I thought they stopped handling cash and cheques in branch already..


----------



## Lightning (29 Jun 2012)

They did, NIB went cash & cheque free some time ago.


----------



## ardmacha (29 Jun 2012)

> They did, NIB went cash & cheque free some time ago.



Which made it all the more odd that in my local branch there are all manners of door buzzers and cameras just to get in. Not a customer friendly experience.


----------



## Molly Bloom (3 Jul 2012)

I'm with homeboy also ....

I don't want to do on-line banking.  I don't trust on-line banking.  

Not being able to lodge a cheque in a branch (yes, there are still some of us cave-dwellers out here who 'do' cheques) is a major inconvenience.  They do still let me send a cheque for my credit card payment each month, but that's ONLY because it's not handled at a branch.

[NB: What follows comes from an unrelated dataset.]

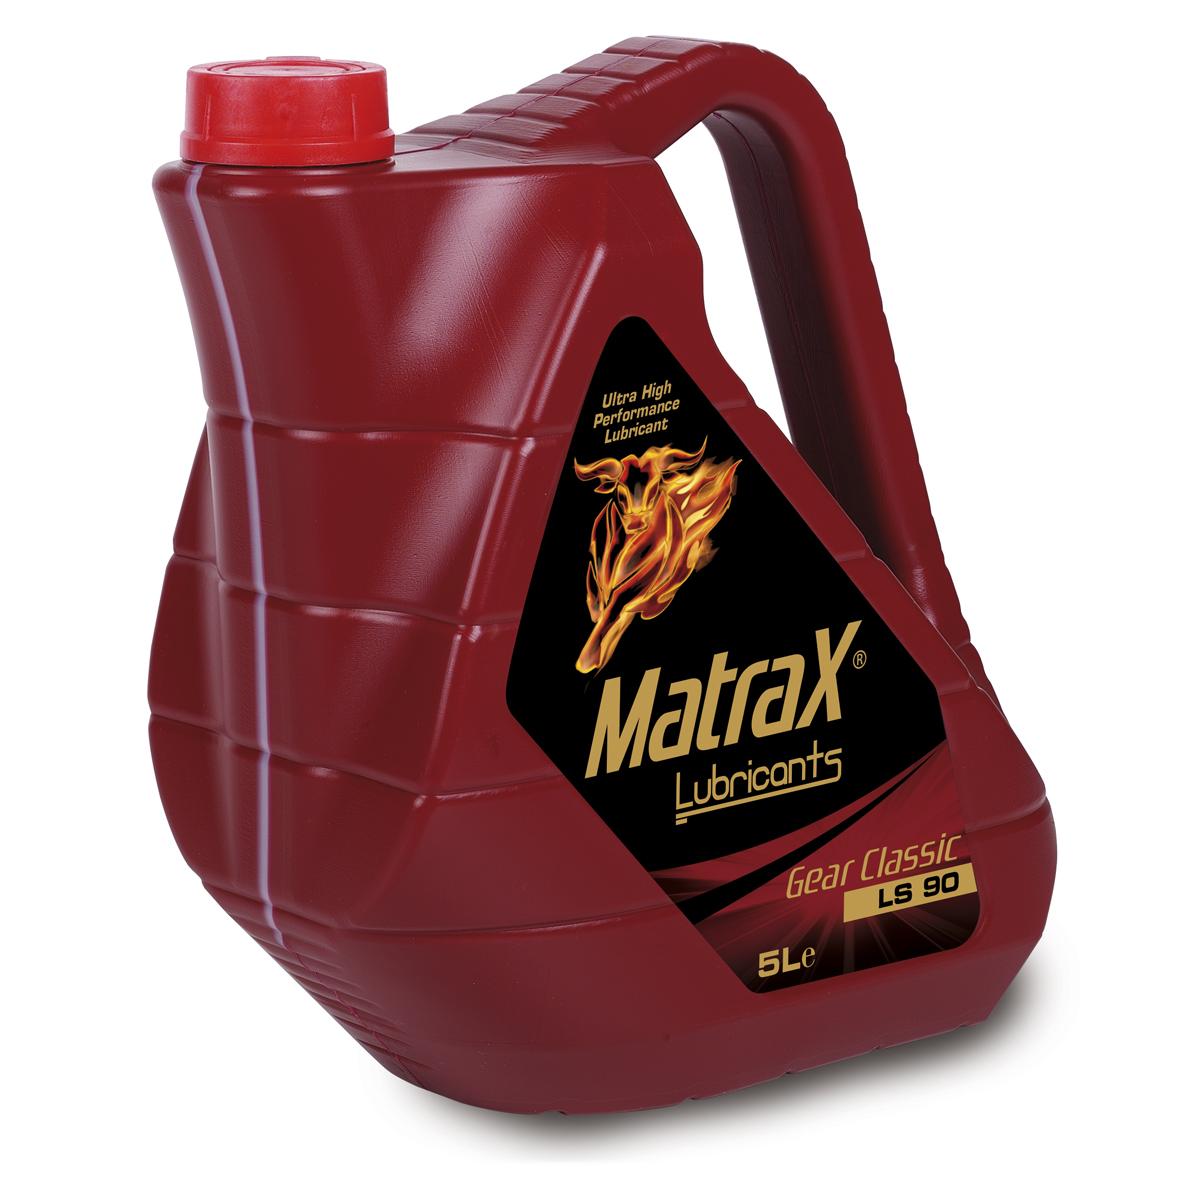 MatraX Gear Classic LS 90

Whoever heard of a cashless bank .....?

Rant over, Molly


----------



## potnoodler (3 Jul 2012)

banking wise, I dont really see why many customers would want to be with them anymore, still with them only because of mortgage and just playing wait and see what happens with Ulster etc, seems to me they are fast tracking the moves to shed customers in a bid to do something????


----------



## Lightning (14 Sep 2012)

More cuts at NIB ...

*NIB Cutting Head Office Functions*

[broken link removed].



> National Irish Bank is to review its head office functions after eliminating 100 jobs this year as it closes most of its offices in Ireland, according to a report by a facilitator of talks between the lender and the bank union.


----------



## serotoninsid (14 Sep 2012)

CiaranT said:


> More cuts at NIB ...


Death by 1000 cuts?


----------



## Lightning (15 Sep 2012)

serotoninsid said:


> Death by 1000 cuts?



Thus far, NIB/Danske have:
1) Cut cash banking. 
2) Cut cheques.
3) Done 3 rounds of branch closures and then
4) Shut their entire branch network. 
5) Shut their entire ATM network. 
6) Removed local branding. (in progress) 
7) Cut free day-to-day banking products. 
8) Cut interest rates on non online-only savings products. 
9) Stopped mortgage lending (or so many people say).
10) According to today's Irish Times, Danske are going to [broken link removed]

However, Danske are constantly advertising their SME offering, they will have 1 client servicing non-cash branch and several product-sale, for pensions etc, appointment-only offices. 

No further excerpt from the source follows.